We study automated security response for an IT infrastructure and formulate the interaction between an attacker and a defender as a partially observed, non-stationary game. We relax the standard assumption that the game model is correctly specified and consider that each player has a probabilistic conjecture about the model, which may be misspecified in the sense that the true model has probability 0. This formulation allows us to capture uncertainty about the infrastructure and the intents of the players. To learn effective game strategies online, we design a novel method where a player iteratively adapts its conjecture using Bayesian learning and updates its strategy through rollout. We prove that the conjectures converge to best fits, and we provide a bound on the performance improvement that rollout enables with a conjectured model. To characterize the steady state of the game, we propose a variant of the Berk-Nash equilibrium. We present our method through an advanced persistent threat use case. Simulation studies based on testbed measurements show that our method produces effective security strategies that adapt to a changing environment. We also find that our method enables faster convergence than current reinforcement learning techniques.

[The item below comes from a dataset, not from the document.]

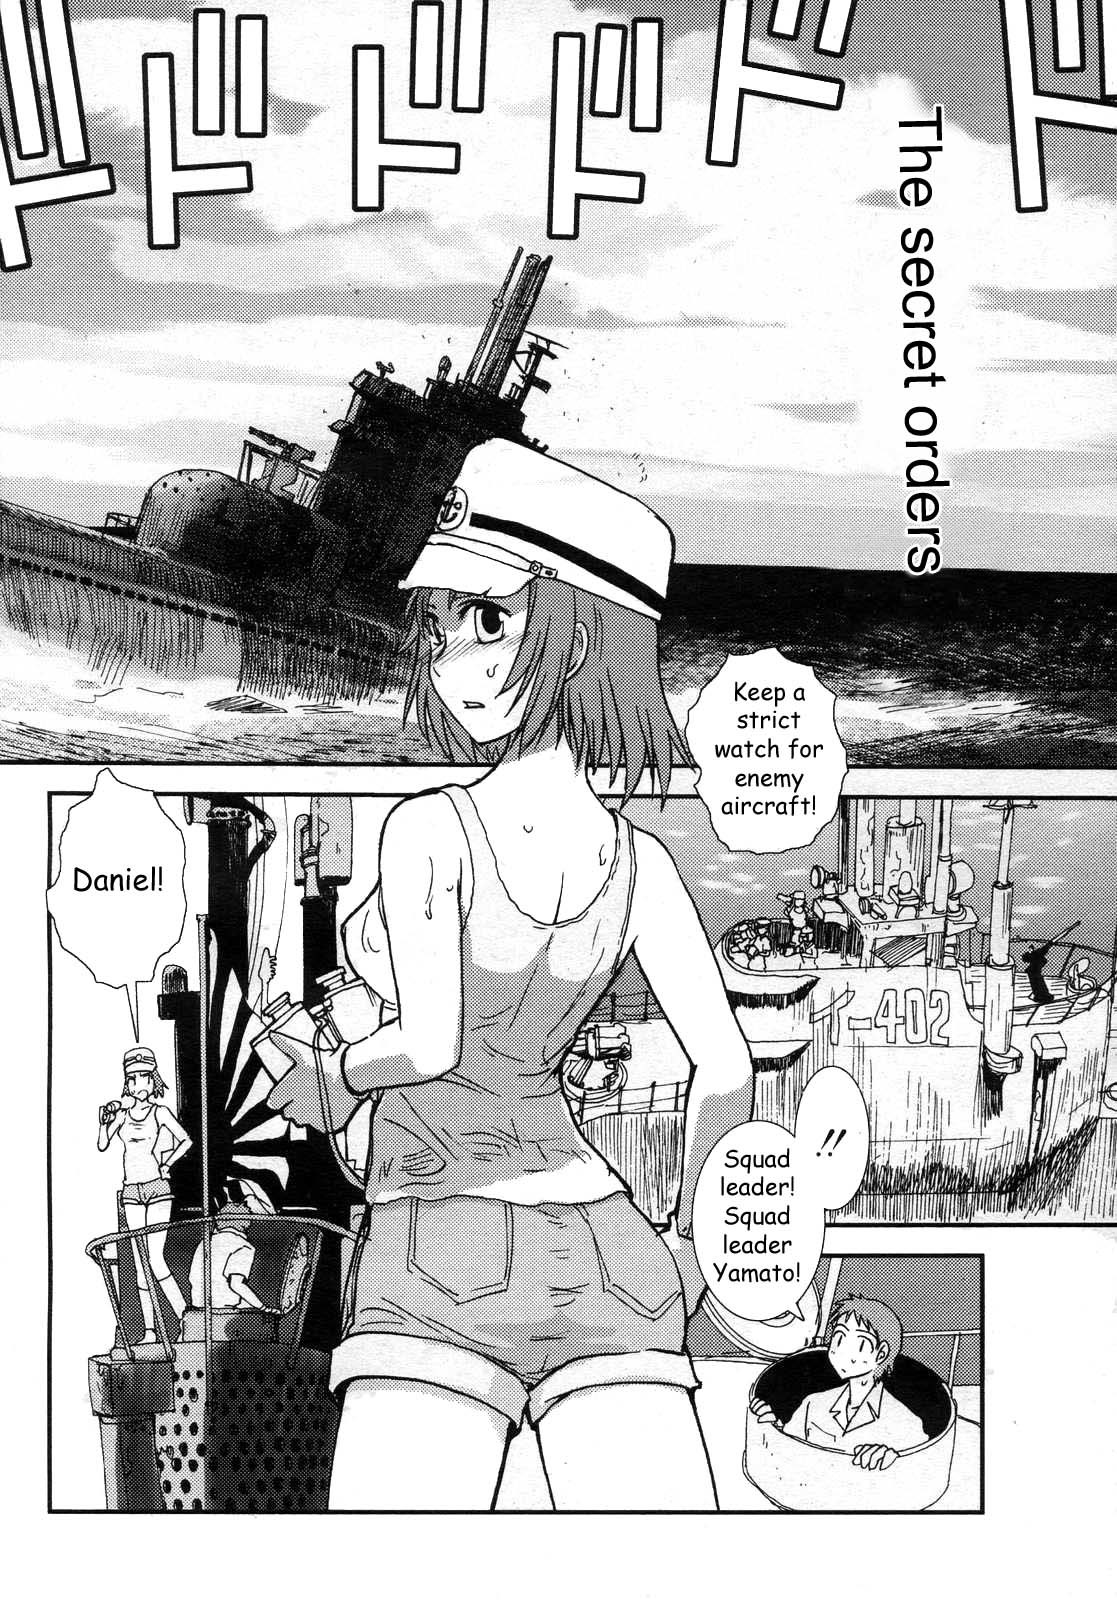 Mitsumei a.k.a. I-404 1 hentai manga

翻译：我们研究面向IT基础设施的自动化安全响应，并将攻击者与防御者之间的交互建模为部分可观测的非平稳博弈。我们放宽了博弈模型需正确设定的标准假设，考虑每个参与者对模型持有概率性猜想，该猜想可能被错误指定（即真实模型概率为零）。这一建模方式使我们能够刻画基础设施的不确定性以及参与者的意图。为了在线学习有效的博弈策略，我们设计了一种新颖方法：参与者通过贝叶斯学习迭代调整其猜想，并通过滚动时域控制更新策略。我们证明猜想将收敛至最优拟合，并给出了基于猜想模型进行滚动控制所能实现的性能改进上界。为表征博弈的稳态，我们提出了Berk-Nash均衡的变体。通过高级持续性威胁用例展示了该方法。基于测试平台测量的仿真研究表明，我们的方法能产生适应动态环境的有效安全策略，且与传统强化学习方法相比具有更快的收敛速度。